Erschreckend ist auch die Einführung einer Beugehaft, wenn Betroffene nicht zu einem Termin bei der Vertretung des Herkunftslandes erschienen sind. Diese 14-tägige Haft soll dazu dienen, Druck auszuüben, um die „Kooperationsbereitschaft zu erhöhen.“ Diese neue Form der Abschiebungshaft, im Gesetzesentwurf „Mitwirkungshaft“ genannt, ist unverhältnismäßig und systemwidrig.

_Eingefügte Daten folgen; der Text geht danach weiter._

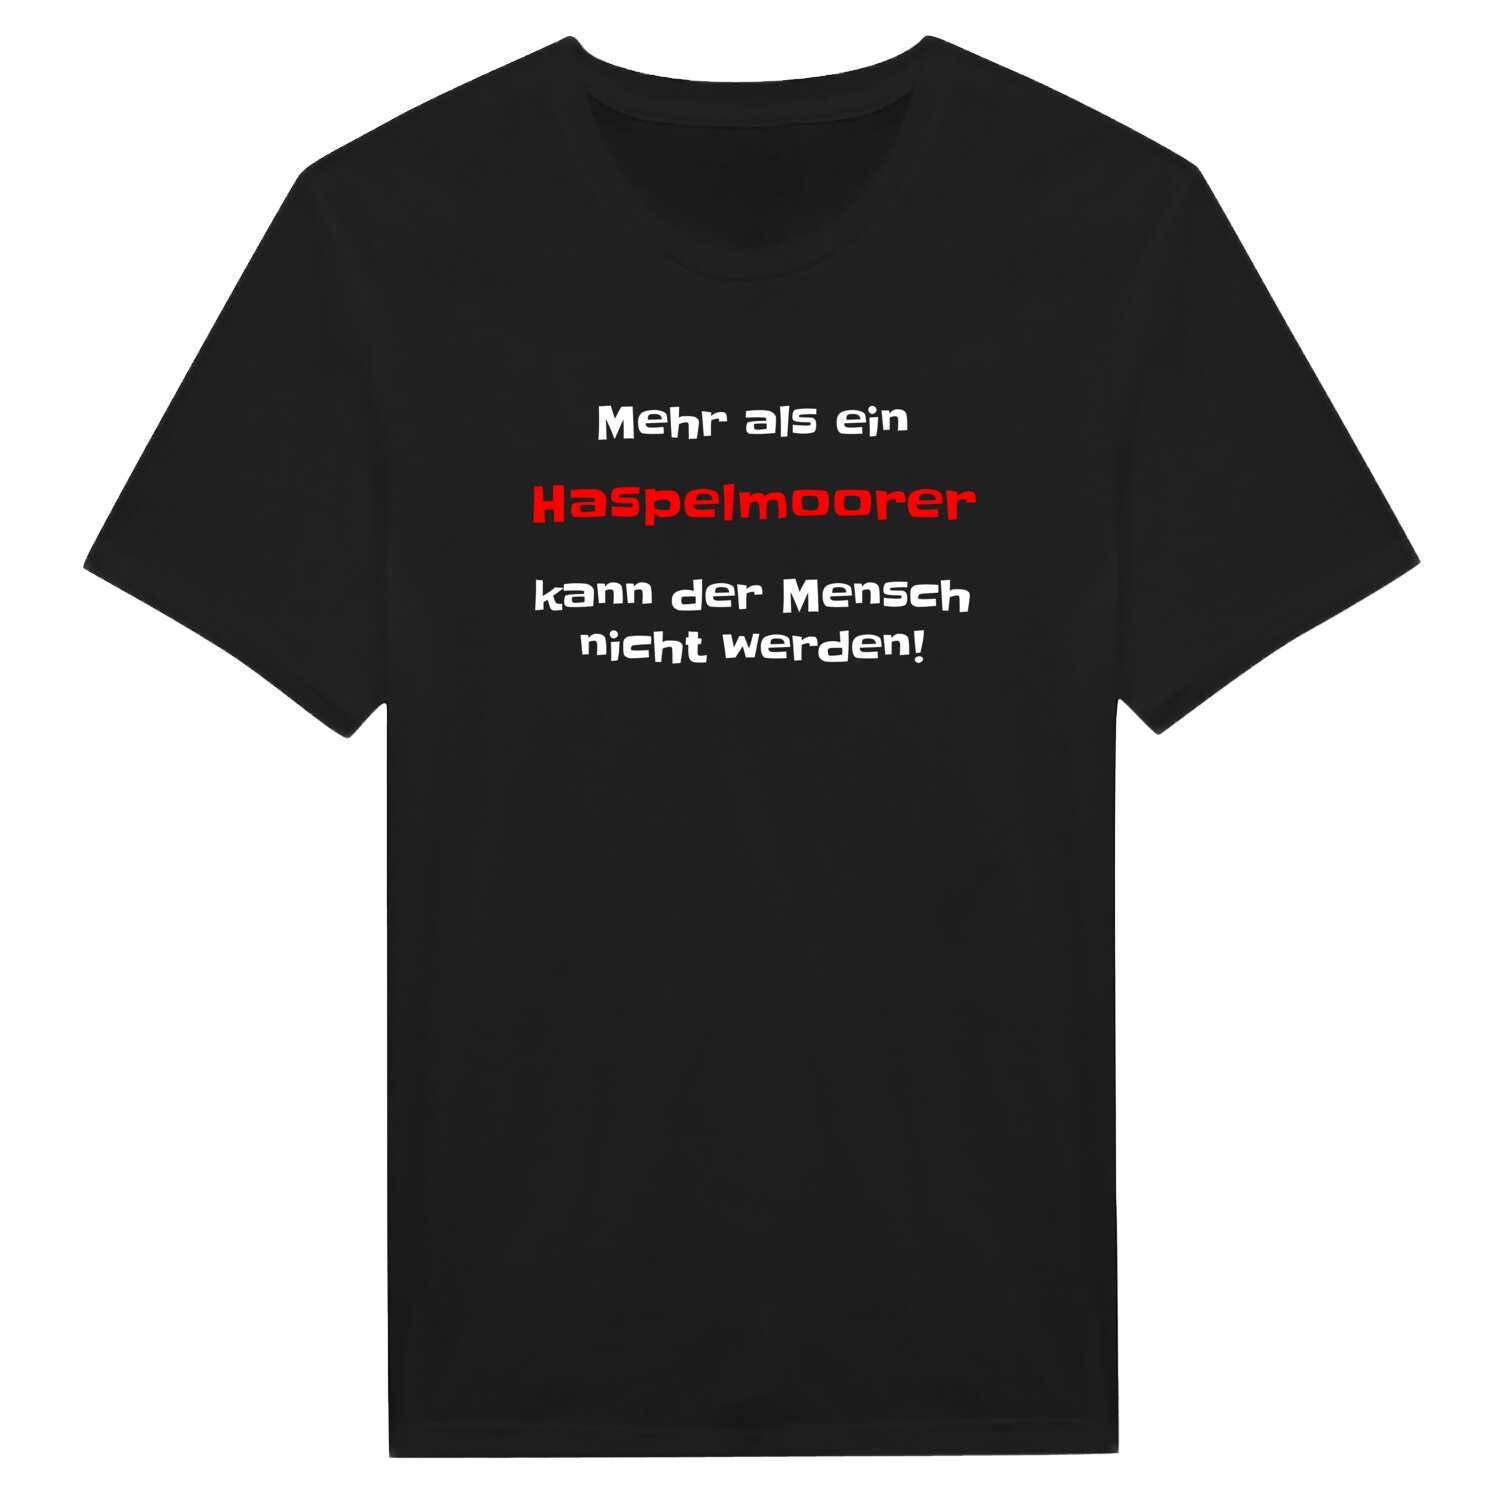 Haspelmoor T-Shirt »Mehr als ein«

Kriminalisierung der Zivilgesellschaft

Der Gesetzentwurf verunsichert in der Flüchtlingsarbeit engagierte Menschen, da trotz der Veränderungen gegenüber dem Referentenentwurf weiterhin die Gefahr der Kriminalisierung besteht. Indem der gesamte Ablauf der Abschiebung – inklusive Botschafts- oder Ärzt_innentermine – unverhältnismäßigerweise als „Geheimnis“ deklariert wird, besteht die Gefahr, dass in der Flüchtlingsarbeit Tätige, die zum Beispiel über den Termin bei einer Botschaft informieren, der Beihilfe zum Geheimnisverrat bezichtigt werden. Solidarität und der Einsatz für die Rechte von geflüchteten Menschen sollen mit Gefängnis bestraft werden können. Das darf die SPD im Bundestag nicht mittragen!

Dies sind nur drei Punkte, die deutlich zeigen, wie weitgehend die Regelungen sind – das Gesetz enthält noch zahlreiche weitere Schikanen. Während sich Bundesinnenminister Seehofer mit einem Rückgang der nationalen Asylverfahren brüstet, sind weltweit so viele Menschen wie noch nie auf der Flucht. Die Lösung der internationalen Herausforderungen und humanitären Krisen kann nicht in einer Abschottung der Europäischen Union und der Entrechtung von Schutzsuchenden liegen. Die Antwort muss vielmehr eine solidarische sein und sich an unveräußerlichen Grund- und Menschenrechten orientieren.

Wir fordern Sie, als Abgeordnete der SPD-Bundestagsfraktion, dazu auf, die Gnadenlosigkeit, mit der in der Bundesrepublik mehr und mehr Politik gegen geflüchtete Menschen gemacht wird, zu stoppen und den Gesetzesentwurf abzulehnen.